▶ [THE TASK]
Repeat the lines from the one containing "A pretty green" through the last line of the data, exactly, pictures omitted.

▶ [RECORDED INFORMATION]
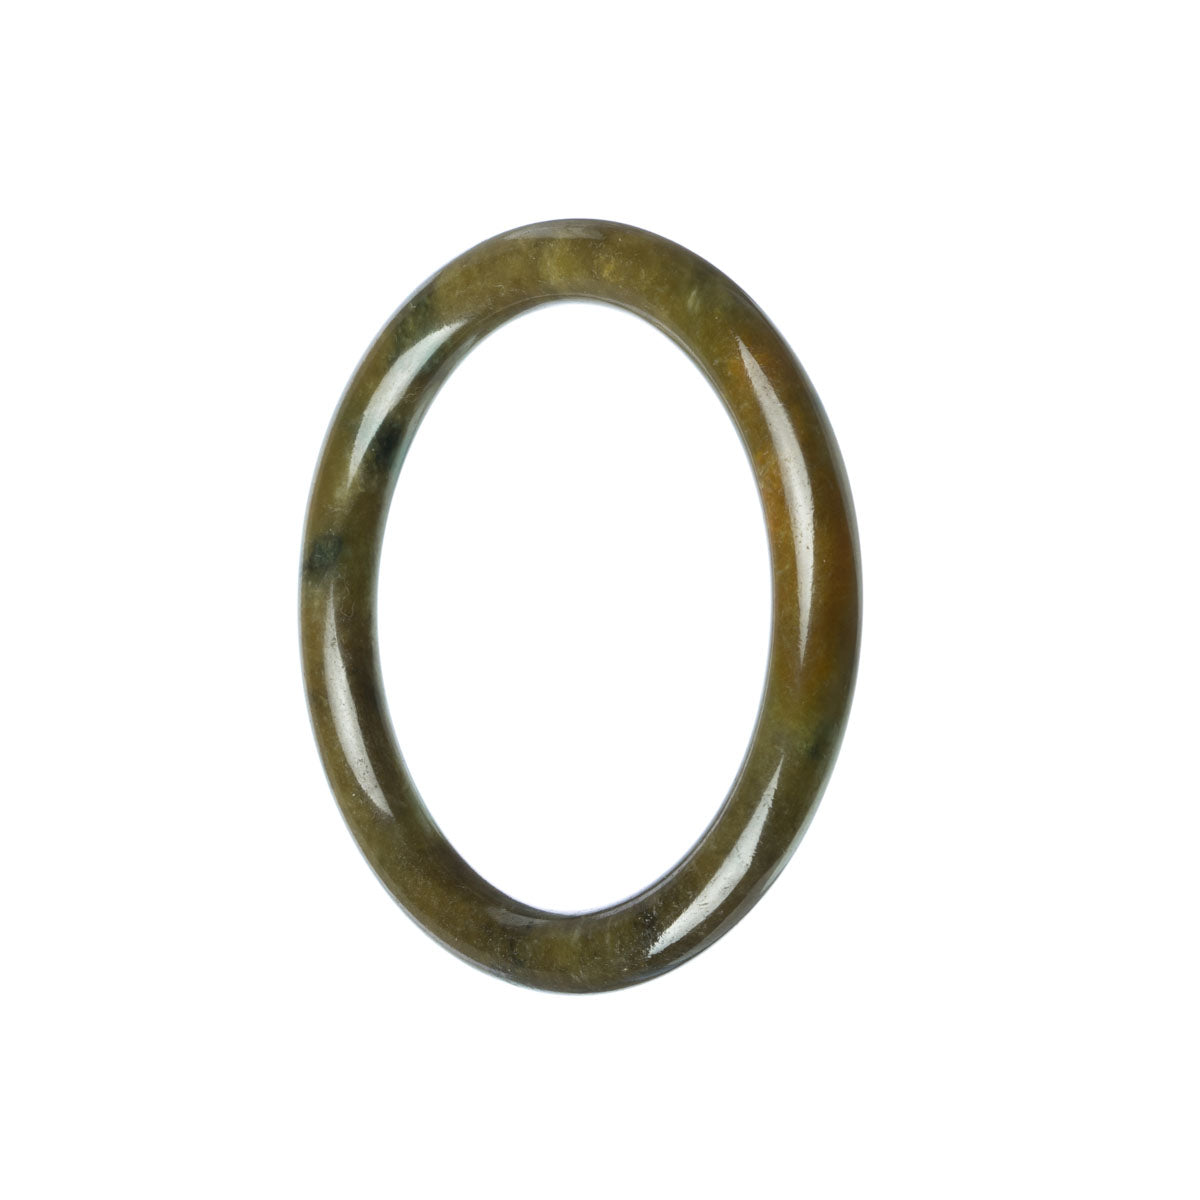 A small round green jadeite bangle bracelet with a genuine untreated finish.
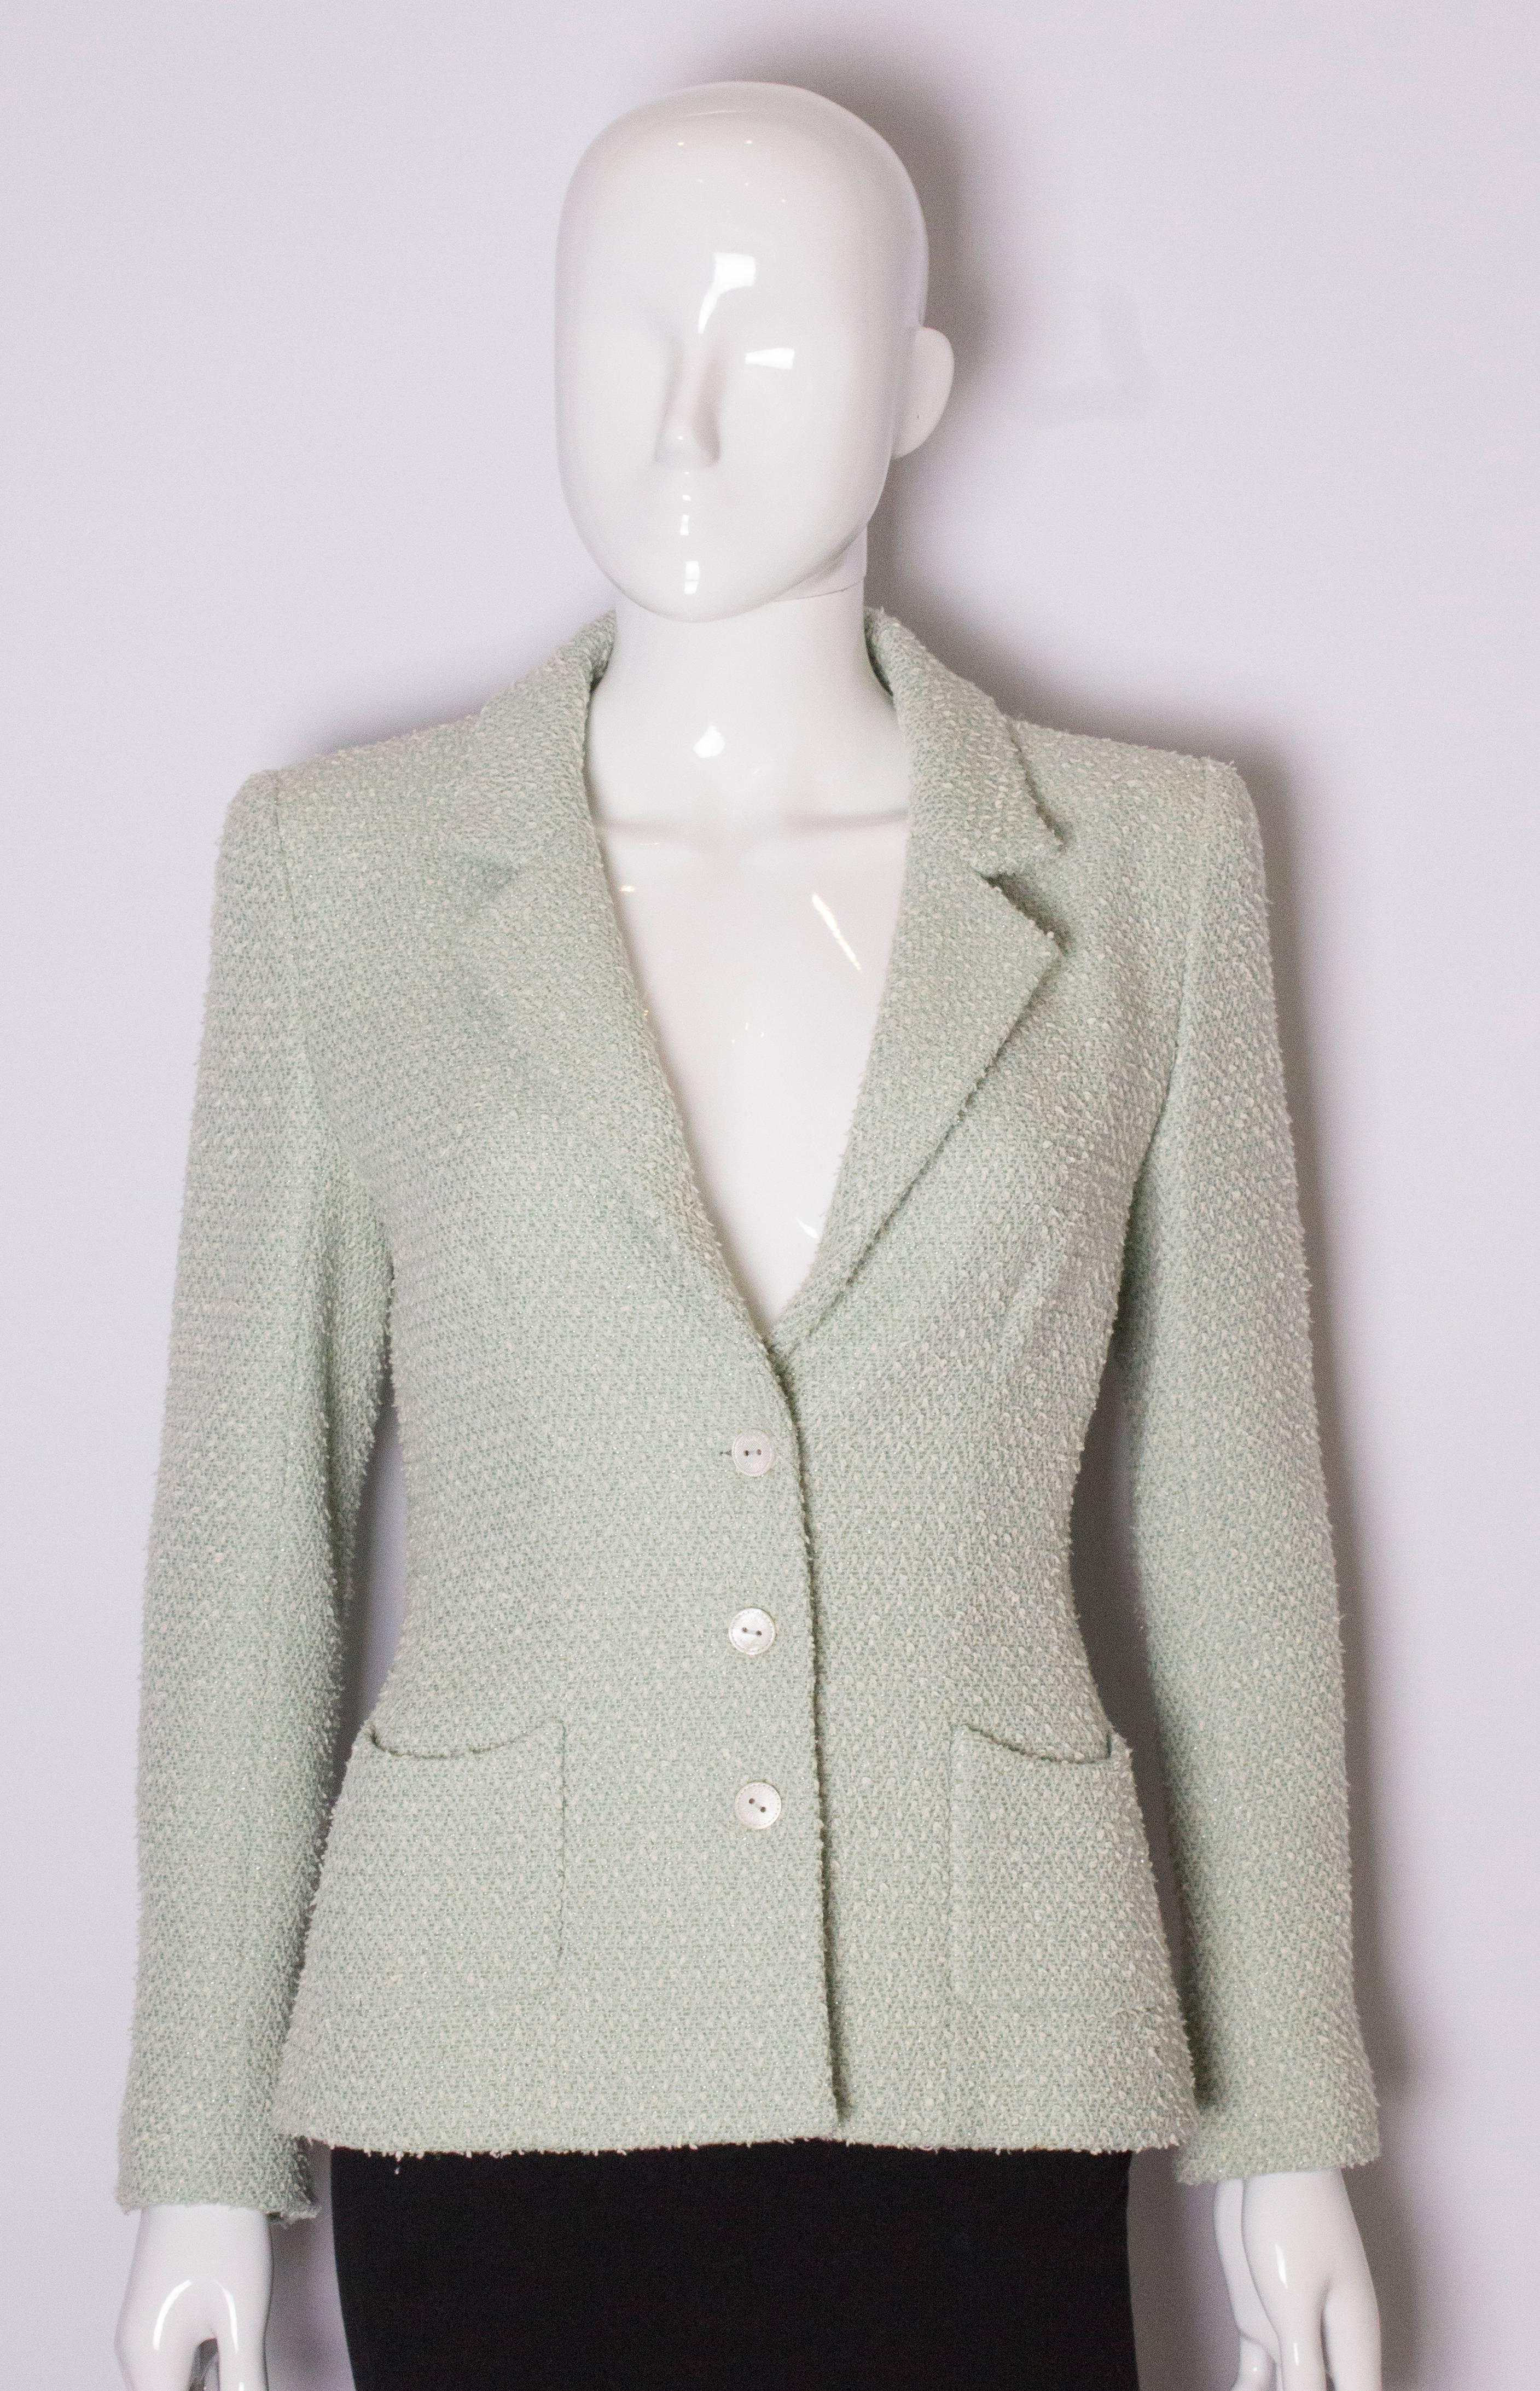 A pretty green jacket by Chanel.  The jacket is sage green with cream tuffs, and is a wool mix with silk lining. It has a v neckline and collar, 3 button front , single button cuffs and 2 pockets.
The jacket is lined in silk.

▶ [EXERCISE RESPONSE]
 A pretty green jacket by Chanel.  The jacket is sage green with cream tuffs, and is a wool mix with silk lining. It has a v neckline and collar, 3 button front , single button cuffs and 2 pockets.
The jacket is lined in silk.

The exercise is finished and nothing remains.